So then he's like "Yeah, whatever. See you later."

_Okay._

And I'm like "You lazy bum, get back here and listen to me!"

_Alright._

So then he just walks off like that, muttering something...

"_Troublesome woman?"_

How did you know that?

_-sigh- Ino it was a lucky guess. _

You're not very funny.

_I'm not trying to be._

Sasuke's beside you isn't he?

_No, Naruto actually. Sasuke-kun went to find an ice-pack._

Hinata-chan faint again?

_Jackpot._

* * *

_Everyone_ knew my name.

Even though I hung out with a freak, a tomboy and the quietest person in the universe, plus I grew up with a fat ass and a lazy ass.

So it wasn't a surprise when near enough every person I walked past while looking for said fat ass and lazy ass said "hi" to me. And to be honest, I didn't remember or recognise a single one of them, save for Kiba and Lee. But they're more Tenten and Hinata's friends, plus Lee was Sakura's "stalker" as lover-boy put it.

After my quick greetings, hitting Dog-boy over the head for giving some _constructive criticism_ on my perfume choice, and telling Lee that Forehead was looking for him (payback's a bitch), I continued my scouting for the two people I love more than I do shopping.

It wasn't long when I found them sitting on the bleachers, while Naruto, Sasuke, Neji and Tenten were messing around with a football, while Sakura and Hinata sat on the side of the pitch. Damn, Lee hadn't found her yet and to make things worse, with Lover-boy there the action wouldn't last too long. Then he's Neji's problem.

Being evil can be really fun sometimes, you know.
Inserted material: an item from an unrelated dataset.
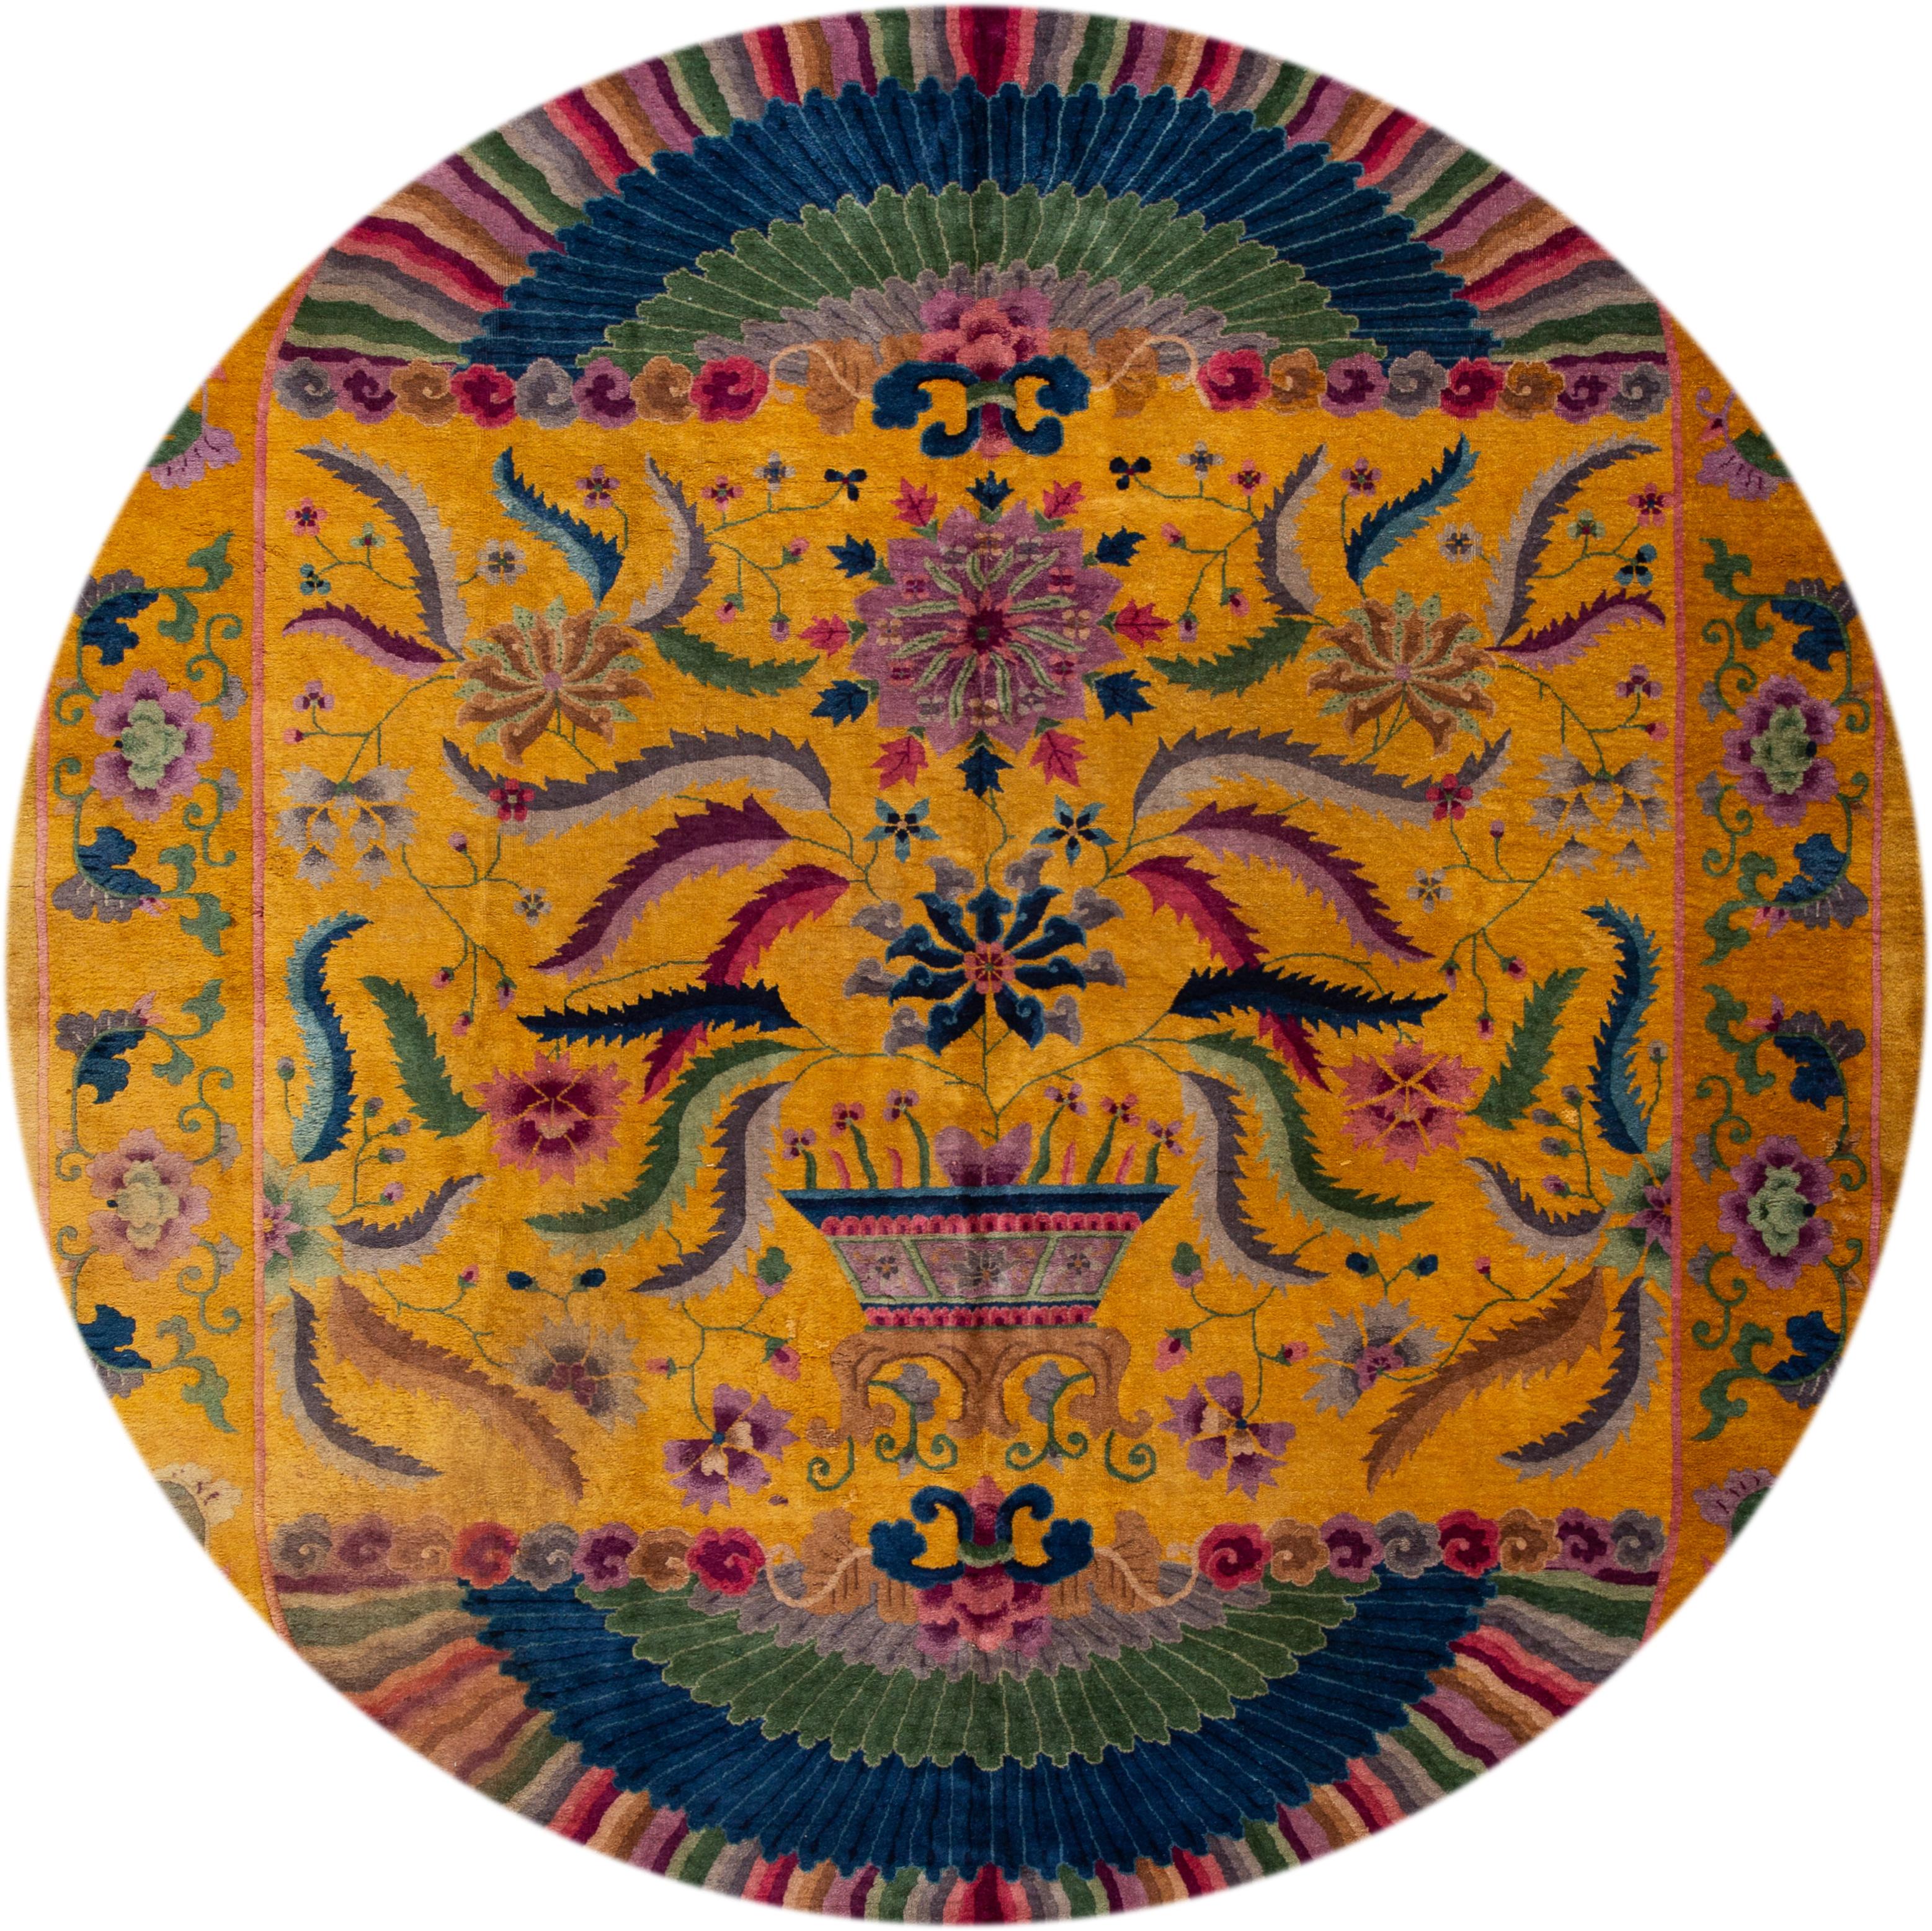 Schöner antiker chinesischer Art-Déco-Teppich um 1920, handgeknüpfte Wolle mit goldgelbem Feld und mehrfarbigen Akzenten in einem Allover-Muster.
Dieser Teppich misst 10' 1

"Yo, my homies!" I called out as I started climbing the rows. Chouji was (unsurprisingly) stuffing his face with a bag of chips and Shikamaru stretched out staring up at the early morning sky, properly upset by the lack of clouds. I rolled my eyes at how unenthusiastic they were to see me.

Freaks. I mean _moi_! They should be bowing at my gorgeous red painted toes and my fabulous heels.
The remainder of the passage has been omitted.